2. Paul barbecued brats and corn on the cob. Christy brought potato salad. I brought beans. The table also featured chips and a fruit salad. We had leftover pie and cake from Carol's birthday and Zoe made a delicious batch of homemade ice cream. 

We enjoyed our holiday meal on the Roberts' patio.

3. During our conversations tonight, I found myself suddenly trying to piece together the very difficult time Debbie and I experienced, especially in 2009, but that carried over on into 2010 and beyond. We got through it and so did family members who had rough times, but pinpointing when specific things happened was, at the dinner table for me, impossible.  
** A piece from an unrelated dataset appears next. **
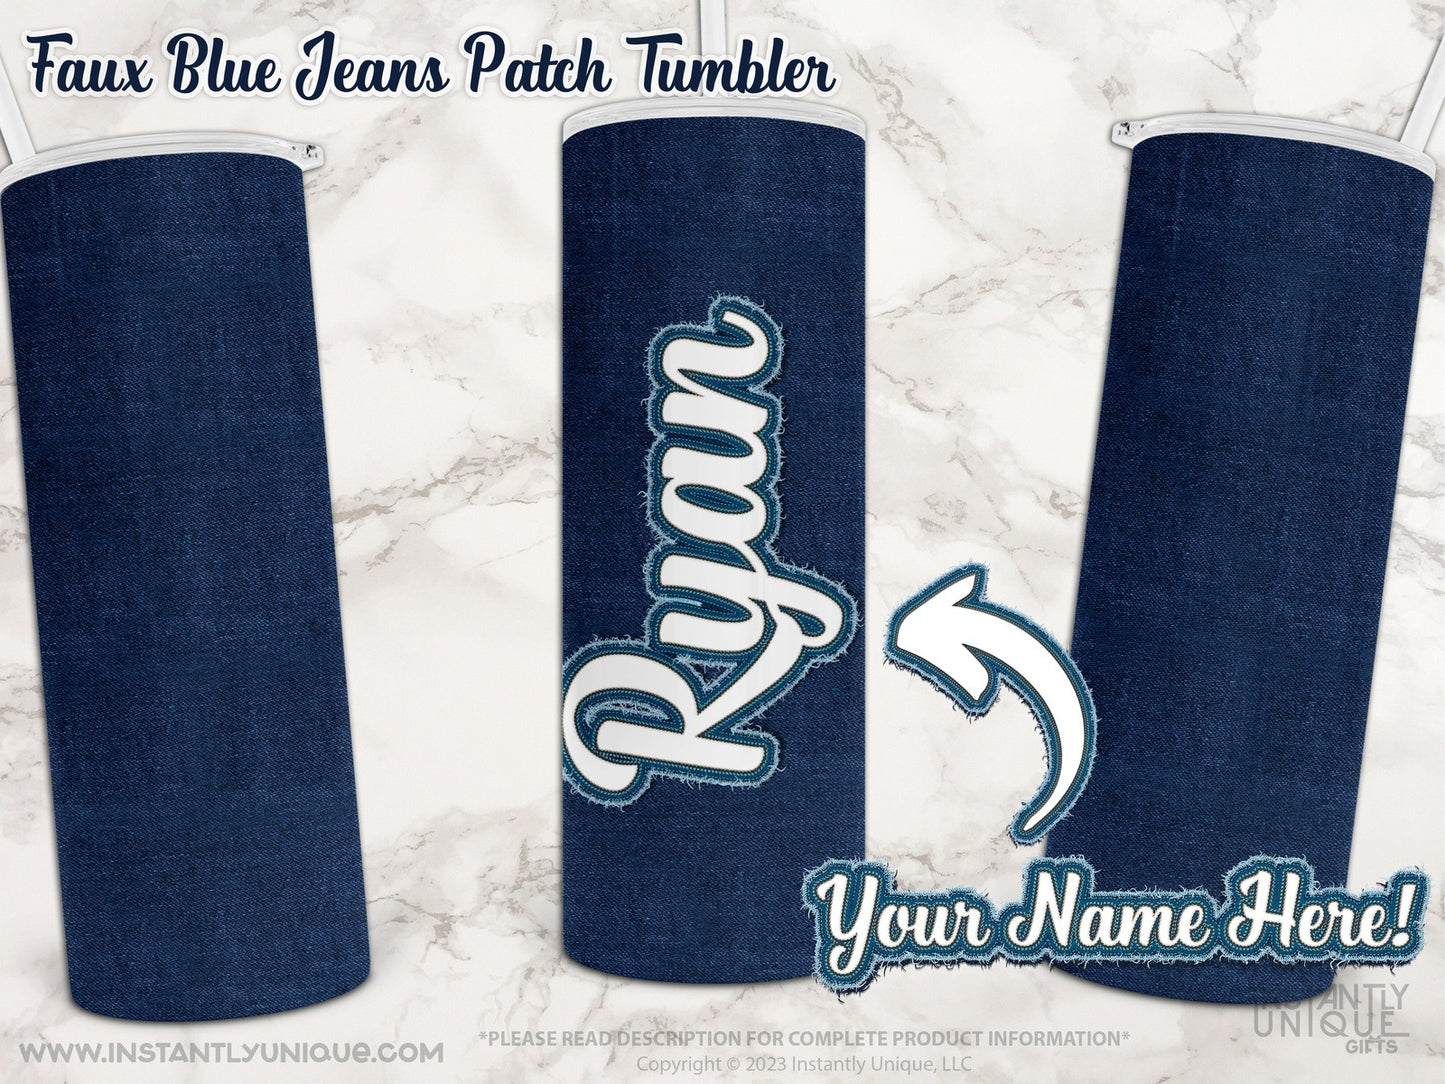 Faux Blue Jeans Tumbler with Custom Name Patch

One thing that came up: Carol said something about WHEN Olivia and Molly visited Kellogg not long after Olivia had started walking. 

What? 

I was stumped. 

I had no memory whatsoever of Molly and Olivia coming to Kellogg. Carol said it was in the fall -- so it would have had to have been in the fall of 2010.

So, later, I consulted my trusty blog.

Ah! 

Right!

October, 2010. 

Debbie, Molly, and Olivia made a weekend trip to Kellogg. 

I stayed behind in Eugene. 

Then I read in my blog that on their way home, Debbie, Molly, and Olivia picked up Charly, who had been living for I don't remember how long in New York, at the Portland Airport. 

So, not only was this the weekend when Olivia got to meet Mom and the rest of the family in Kellogg, it was the weekend we were reunited with good old Charly. 

I'm really glad I had a written record of all that!